I'm actually a very confident driver. My mrs calls me cocky or says I push it a bit sometimes. I know my limits, well below the car of course. I have a 2010 3 series BMW and it's rubbish in the snow, wet, and generally the autumn. Hence why I take my time around the back roads of glasgow. Come summertime it's a free for all.


----------



## Alex1975 (Oct 21, 2015)

Paul77 said:



			I'm actually a very confident driver. My mrs calls me cocky or says I push it a bit sometimes. I know my limits, well below the car of course. I have a 2010 3 series BMW and it's rubbish in the snow, wet, and generally the autumn. Hence why I take my time around the back roads of glasgow. Come summertime it's a free for all.
		
Click to expand...


Coolio, your description of earlier seemed a little like it was something you did not enjoy. My bad.


----------



## Backache (Oct 21, 2015)

delc said:



			My other pet hate is that it is often difficult to even see speed limit signs because they are hidden behind vegatation due to Local Government cuts in road maintenance.
		
Click to expand...

We have has a stretch of road near us reduced from 40 to 30 to make it safer for the people living there. I have no great argument with this although it was not an obvious black spot but there is only one very small sign half hidden to indicate this. Most people travelling through have no idea the limit was changed and the police are coining it in with speed traps. Personally I have not been caught but it is hard to see that it makes it safer for anyone if most people are unaware of the limit.


----------



## FairwayDodger (Oct 21, 2015)

Got to agree with the OP on this one.

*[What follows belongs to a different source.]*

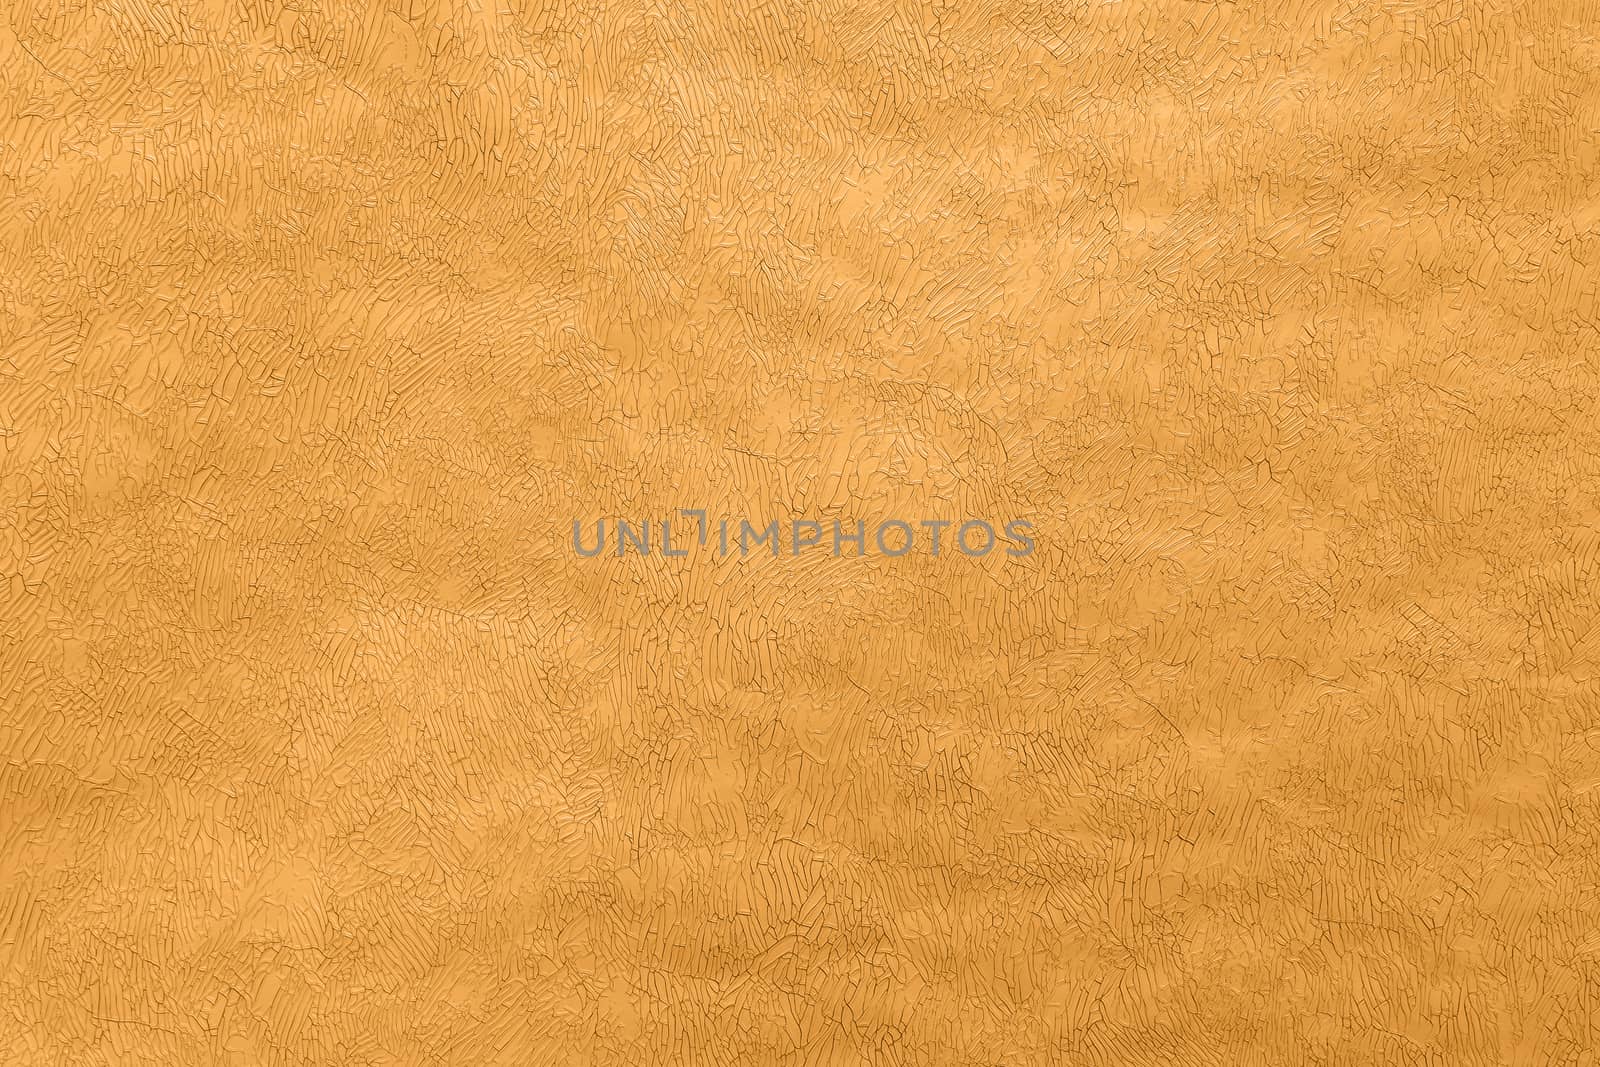 mottled paper texture, can be used for background by bonilook

Upcoming plans to turn most of Edinburgh into a 20 mph zone is just the council's latest attack on the motorist, it's becoming impossible to drive around the city nowadays.

There's a stretch of motorway near my mum's that was 70 mph when I lived there and is now down to 50 for no apparent reason. Certainly perfectly safe to drive at 70 so this one puzzles me.


----------



## MegaSteve (Oct 21, 2015)

Backache said:



			We have has a stretch of road near us reduced from 40 to 30 to make it safer for the people living there. I have no great argument with this although it was not an obvious black spot but there is only one very small sign half hidden to indicate this. Most people travelling through have no idea the limit was changed and the police are coining it in with speed traps. Personally I have not been caught but it is hard to see that it makes it safer for anyone if most people are unaware of the limit.
		
Click to expand...

A reduction in the speed limit to a short length of the north circular came into force earlier this year... Notice of change wasn't great and signage was poor so the inevitable occurred... However so many appealed their penalties, in the end common sense prevailed and penalties were rescinded... 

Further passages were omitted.